Fetching Better Beer Recommendations with Collie (Part 3)

Nate Jones
8 min readMay 4, 2021


Using metadata to train better models and (finally) drinking some beers!

Part 1 | Part 2 | Part 3 (you are here)

An image of the Collie dog looking at glasses of beers with a question mark thought.

TL;DR — I talk even more about ShopRunner’s latest open source library, Collie [GitHub, PyPI, Docs], for training and evaluating deep learning recommendations systems. We use metadata to train better models and evaluate them. I then, finally, get to drink beer.

A Small Recap

By this point in the blog series, we’ve seemingly done it all — prepared data, trained a model, trained a better model using adaptive losses, and then trained a better better model using a double optimizer trick. But, one must ask, is this the best we can do?

Incorporating Metadata into the Model

If you went up to a robot bartender powered by the models we built above and asked for a drink recommendation, they would look at the thousands of user preferences in the data, find items that share features with the drinks that you like, and systematically recommend the highest ranking beers to you. But, if you went up to a human bartender and asked for a drink recommendation, they would just note shared features in the beers you like (things like beer style, brewer, etc.), and recommend new beers that also share those features. As I write this in 2021, bartenders are humans for a reason — this way of recommending beers is surprisingly effective (update: I just looked it up and, of course, there are already robot bartenders. Uh oh).

An image of a robot bartender making a drink. The robot itself is mainly just a mechanical arm. It shakes, then pours the drink into a glass.
The future of automation is here already.

While a human bartender can’t possibly do the level of computation a robot bartender does to recommend beers, we can have our robot bartender use the information that the human uses.

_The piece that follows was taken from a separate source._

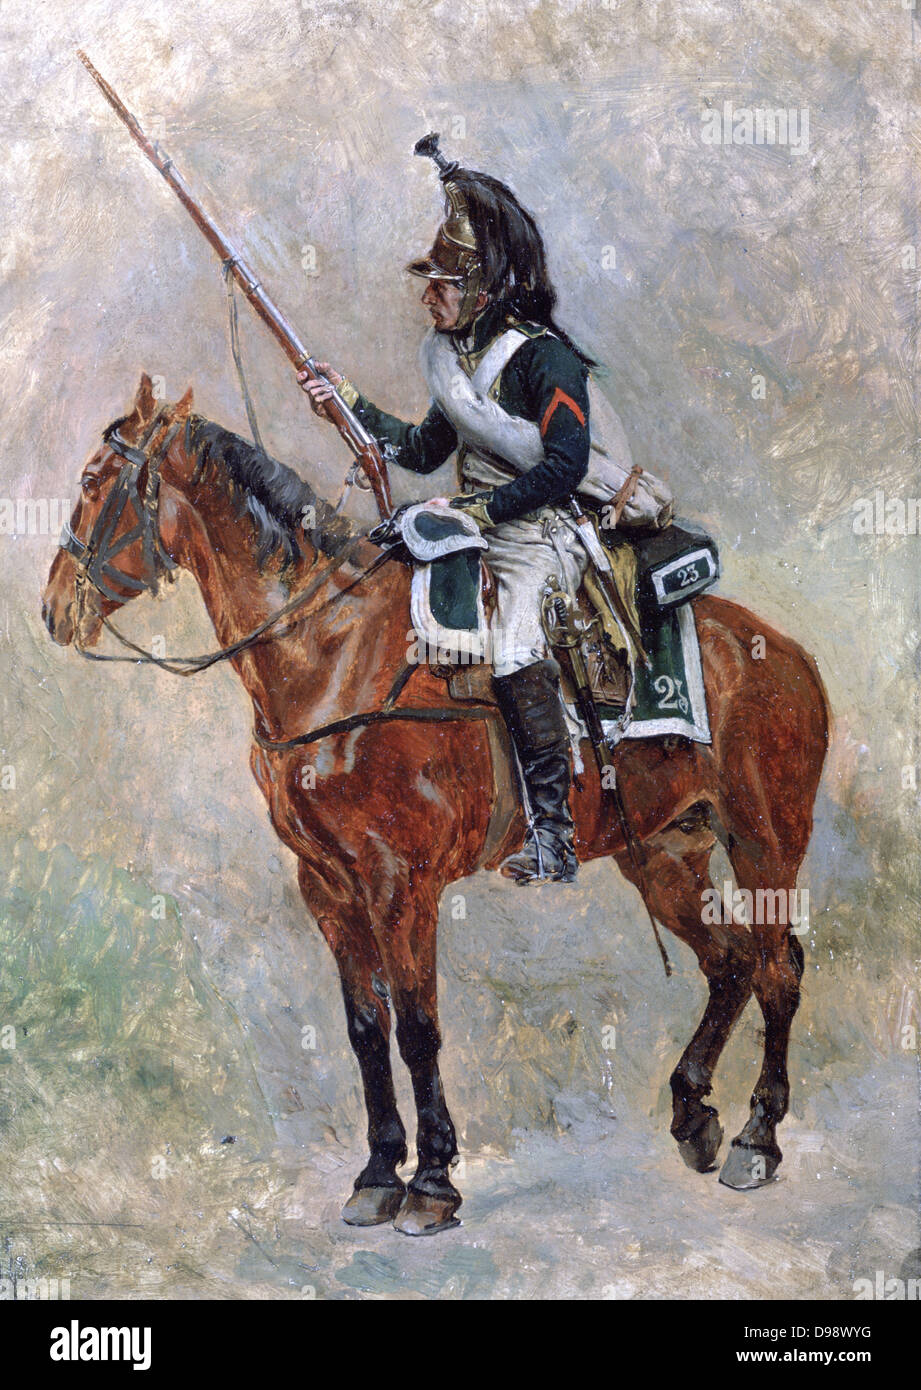 Mounted Dragoon. Jean Loouis Ernest Meissonier (1815-1891) French academic painter. French Soldier Uniform Equipment Firearm Sword Helmet Horse Bay Stock Photo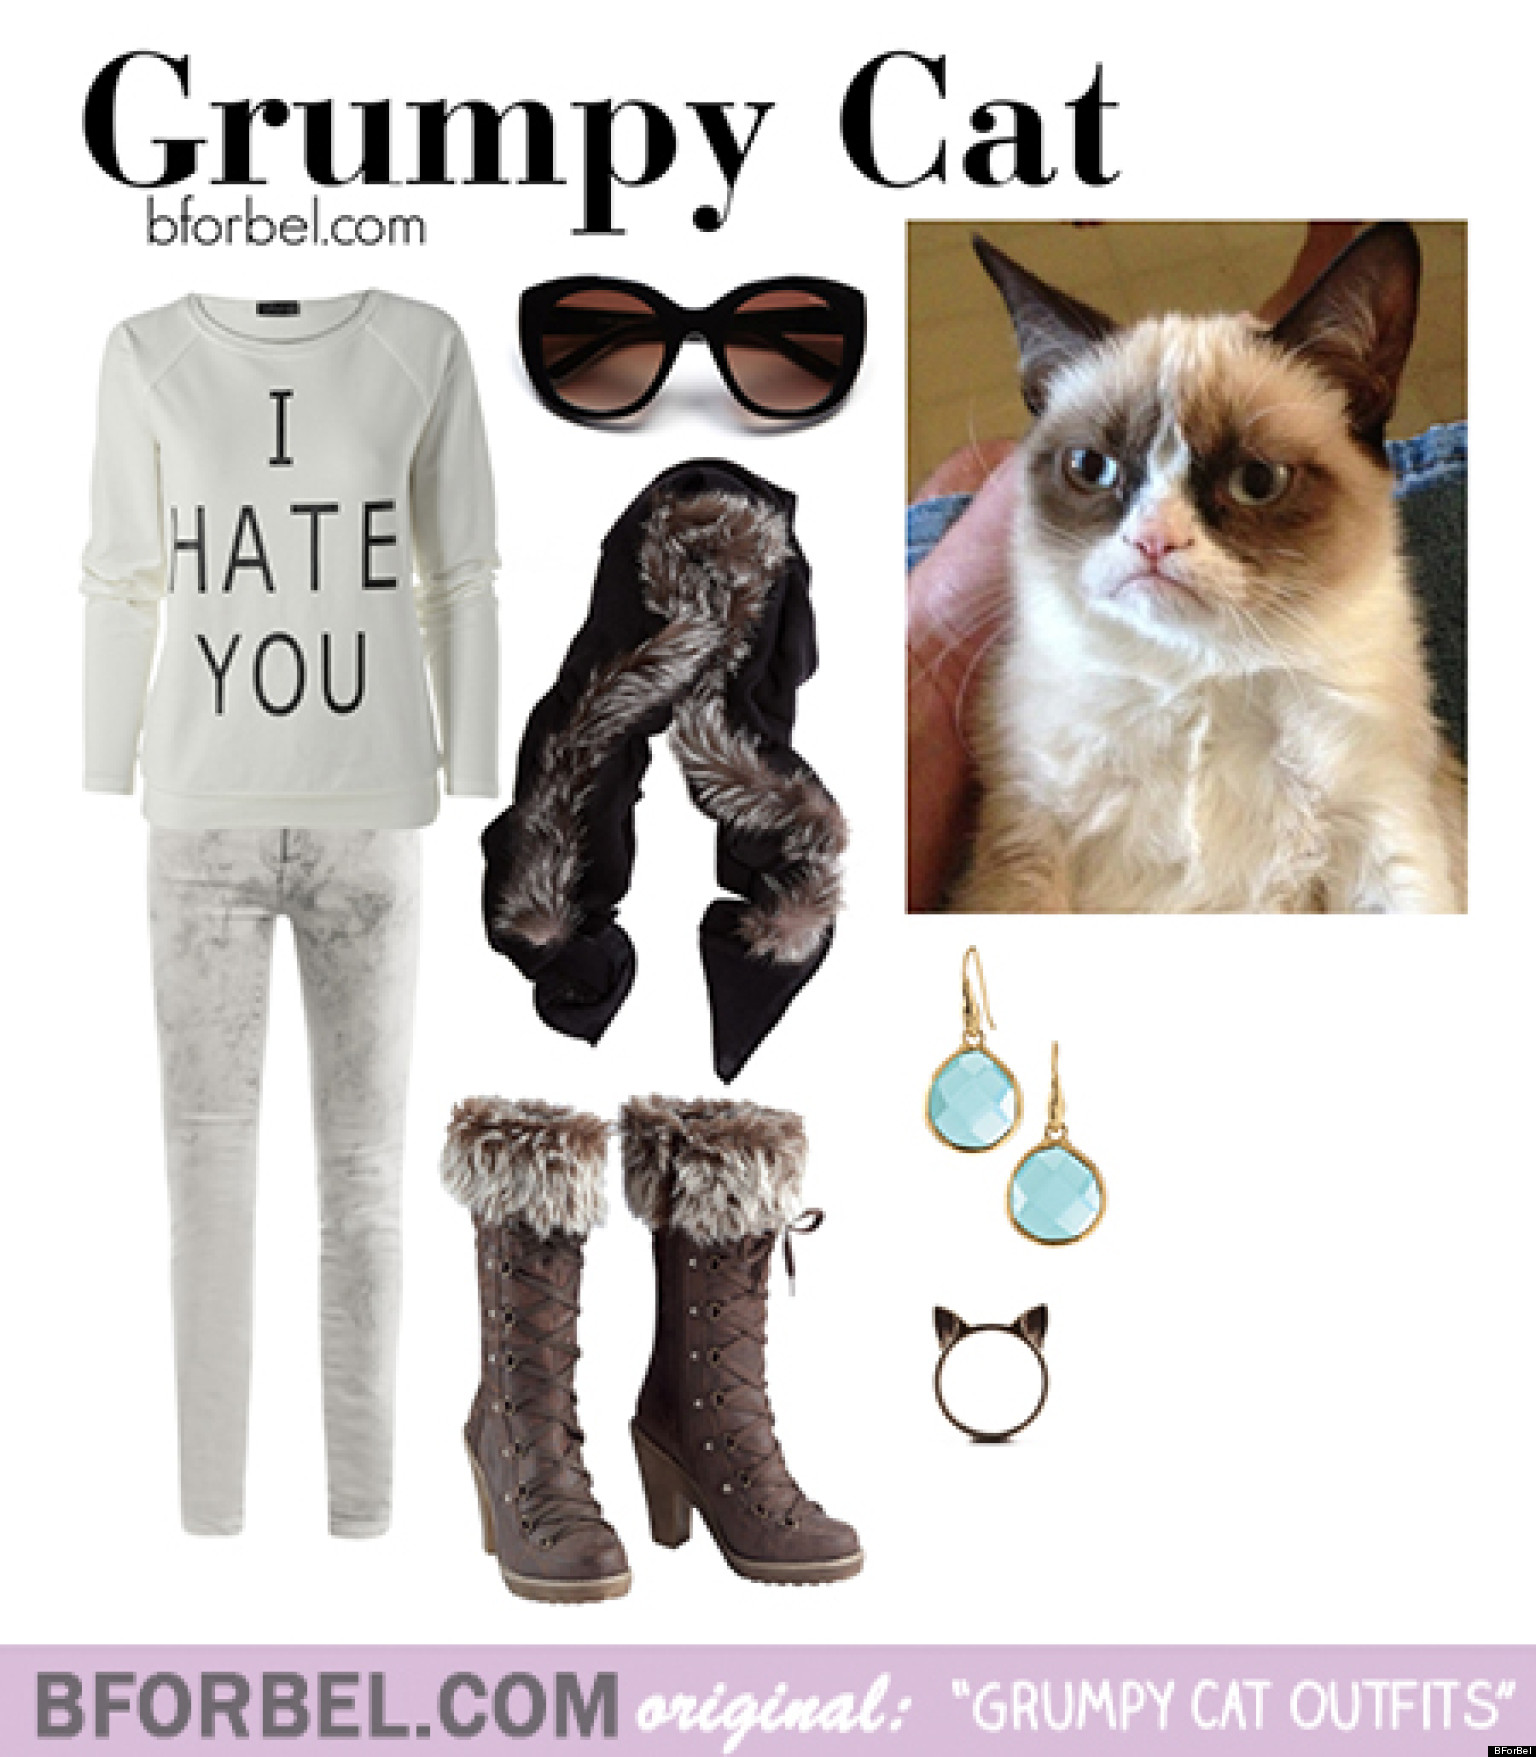 grumpycat

In a recommendations setting, we refer to this as item metadata. In this beer dataset specifically, we not only know the beer ID, but also the style of beer (Stout, Imperial IPA, German Pilsener, etc.). Ideally, you would expect that if a user has had Pale Ales in the past, they might like to drink Pale Ales in the future.

In Collie, we can incorporate this side-data directly into the model and/or the loss function (see the section below this). When we use side-data in the model, we create something known as a hybrid model.

For our beer dataset, we’ll encode the beer style data into a one-hot-encoded vector (a vector of 0s when a beer style does not apply to this beer and a 1 when it does) and feed that into a model. Ideally, this works better when we have rich feature vectors as side-data (things like image or text embeddings for items work great here), but for this simple example, we’ll just stick with the one-hot-encoded beer style as our metadata.

Since we’ve already trained a matrix factorization model in a previous blog post, we can use those trained embeddings in this model to save computational time and take advantage of some neat transfer learning tricks.

The MAP@10 table with an added row for the hybrid matrix factorization model, with MAP@10 score 0.02182.

Our MAP@10 score is higher than a model that does not use metadata (nice!), but not high enough that we see a huge benefit to including this data. To me, this indicates that simple, one-hot encoded metadata is not best incorporated directly into the model (if we had rich, feature embeddings, we could use that in the model and likely have even better results), but instead into the loss function itself.

Incorporating Metadata into the Loss Function

In Collie, we can also incorporate metadata directly into the loss function. We can use this data by penalizing the model less if it ranks a negative item higher than a positive item given they both share the same metadata (i.e. “you recommended the wrong beer, but it is still a Pale Ale, and this user likes Pale Ales, so we’ll give you partial credit for this prediction”). Every loss supports the addition of metadata for these partial credit calculations!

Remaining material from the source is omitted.